Obudziłaś się przez irytujące światło bijące ci po twarzy. Jęknęłaś, bo ostatnie na co miałaś ochotę to wstawanie. Jeszcze tylko chwilę pospać. Chciałaś się przekręcić na drugi bok, ale coś cię blokowało. Zdałaś sobie sprawę, że zapach, który czujesz wcale nie przypomina twojego łóżka... Zapach Yoongiego. Nie. To nie mogła być prawda. Otworzyłaś oczy i zobaczyłaś białą koszulkę chłopaka. Leżałaś centralnie na jego klatce piersiowej i trzymałaś jego rękę. Po chwili znieruchomienia obróciłaś głowę i spojrzałaś na twarz rapera. Patrzył na ciebie.-Wygodnie ci?-burknął. No, czyli jednak wszystko w normie.

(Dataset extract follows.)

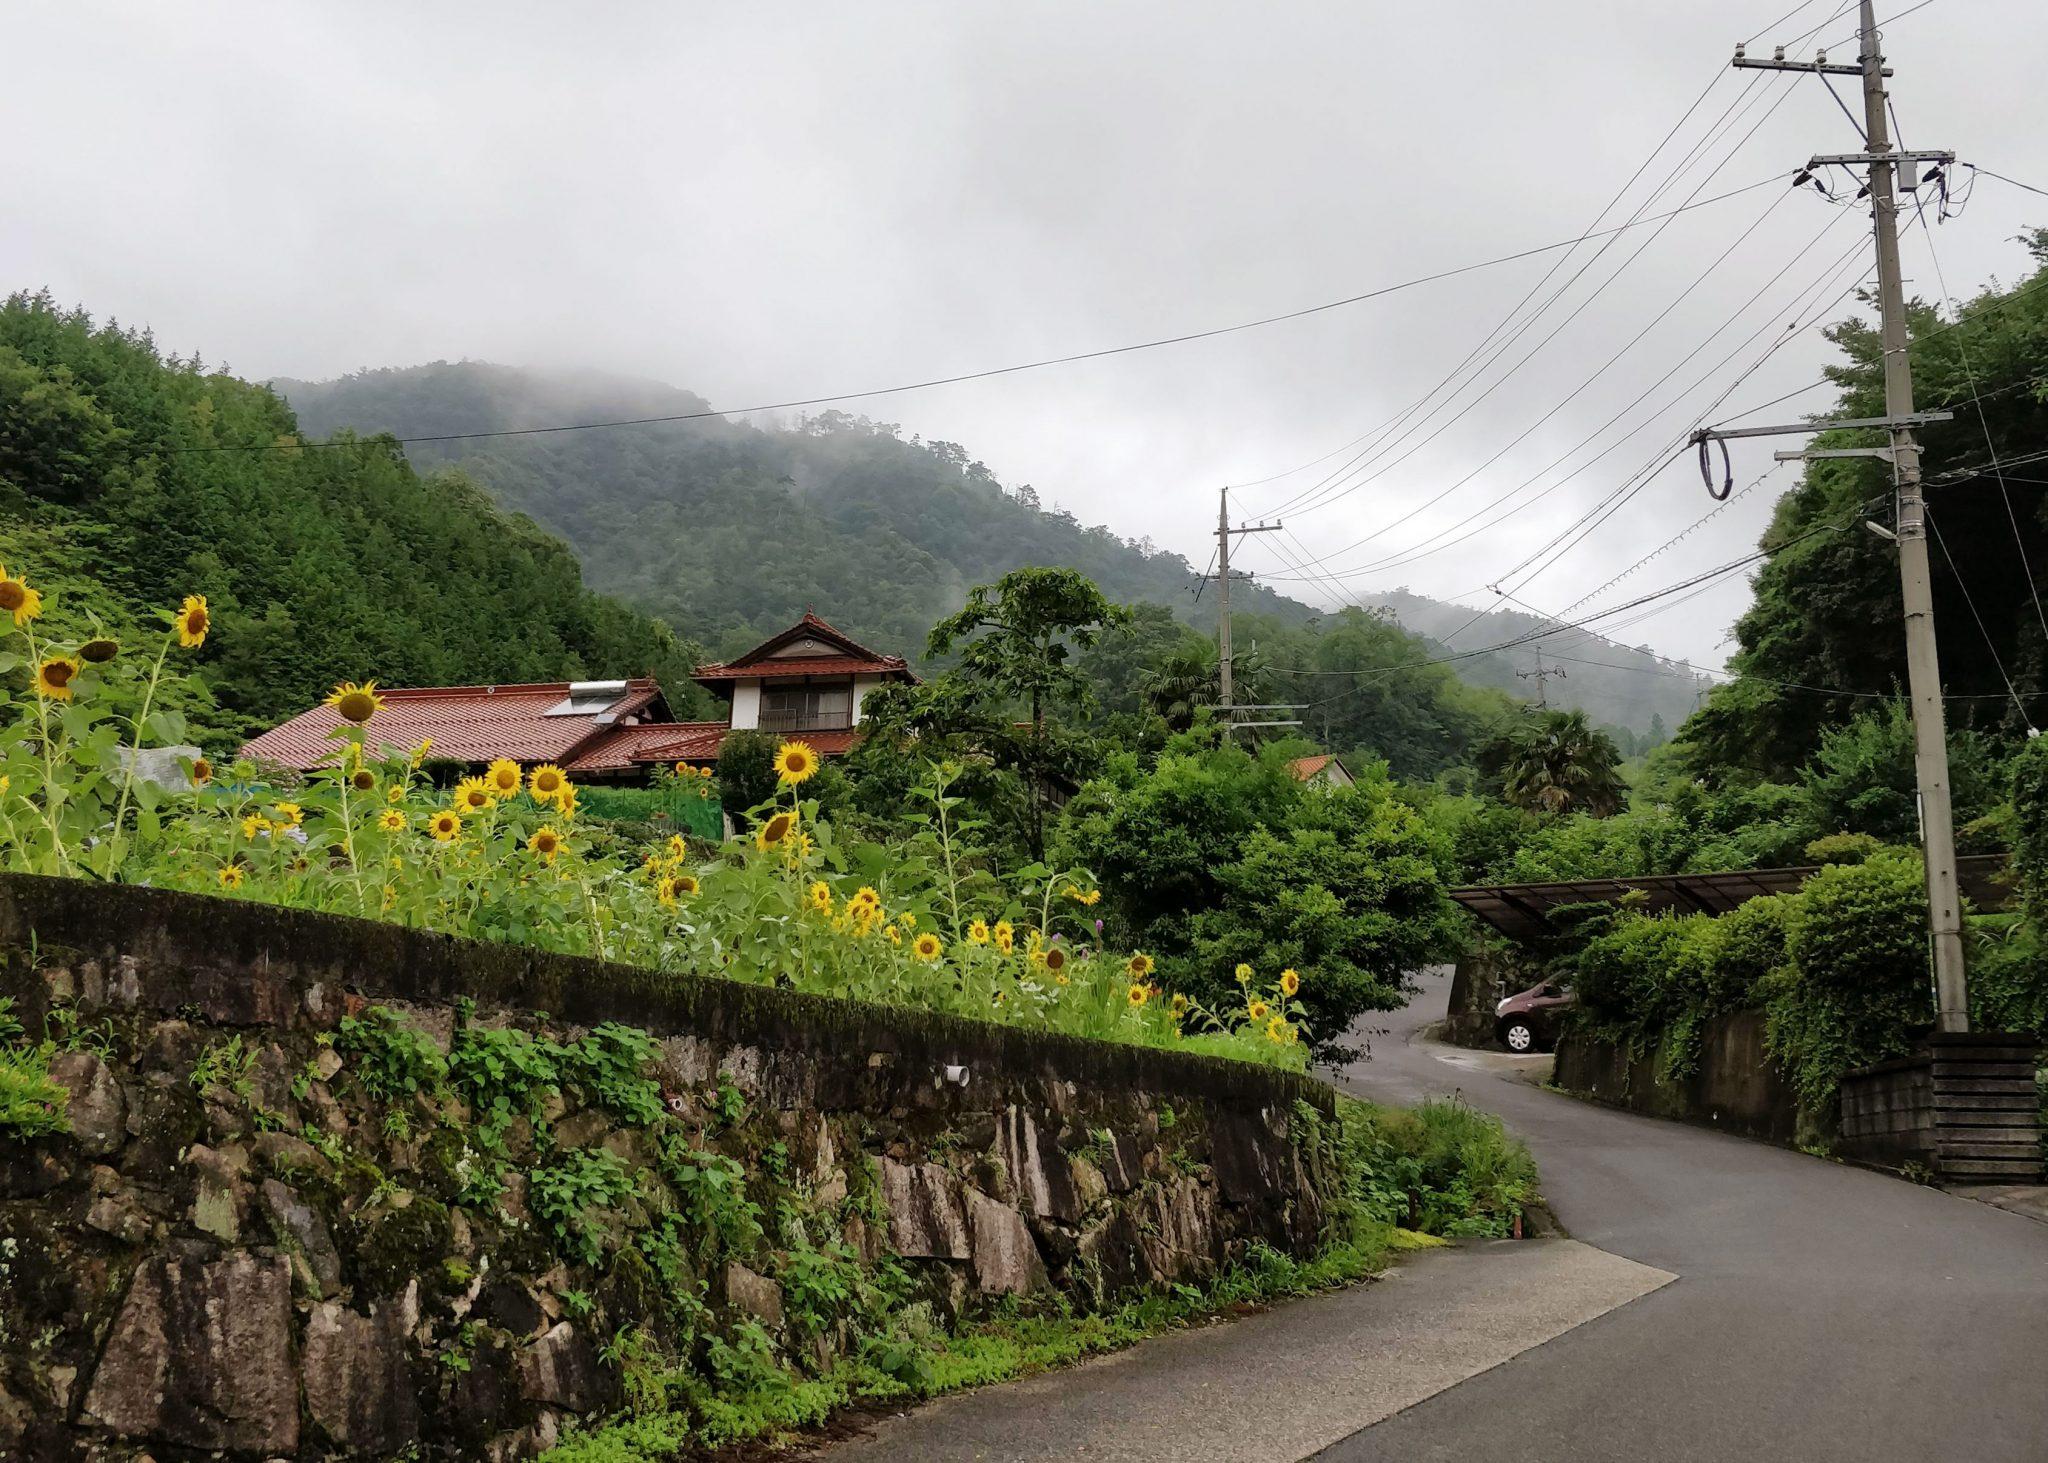 Katu Japanin maaseudulla

-Właściwie to tak. Tak, Yoongi, jest mi bardzo wygodnie.-stwierdziłaś, że trochę się z nim podrażnisz. Skoro chłopak umiał tak się tobą zająć poprzedniej nocy i być tak słodkim to dołożysz wszelkich starań żeby wyciągnąć z niego tą uroczą stronę. Posłałaś mu szeroki uśmiech. Mężczyzna zmarszczył brwi wciąż na ciebie patrząc.
-Cholera, złaź ze mnie!-powiedział w końcu zrzucając cię na podłogę obok. Chciał wstać, ale coś mu nie pozwoliło. Dopiero po chwili zdał sobie sprawę, że wasze dłonie są wciąż splecione. Szarpnął ręką i podniósł się, po czym przeciągnął.
-Yoongi.-zaczęłaś wciąż leżąc na podłodze.-Zrzuciłeś mnie z siebie.-oznajmiłaś jakby w ogóle tego nie wiedział. Chciałaś zobaczyć jak się zachowa. Teraz twoja kolej na zabawę.
-Oczekujesz, że cię przeproszę? To ty leżałaś na mnie całą noc. Ale przynajmniej zasnąłem w końcu.-rzekł rozglądając się po pomieszczeniu.
-Yoongi, czy ty kłamiesz w tym momencie? Nic już nie rozumiem.-powiedziałaś siadając po turecku.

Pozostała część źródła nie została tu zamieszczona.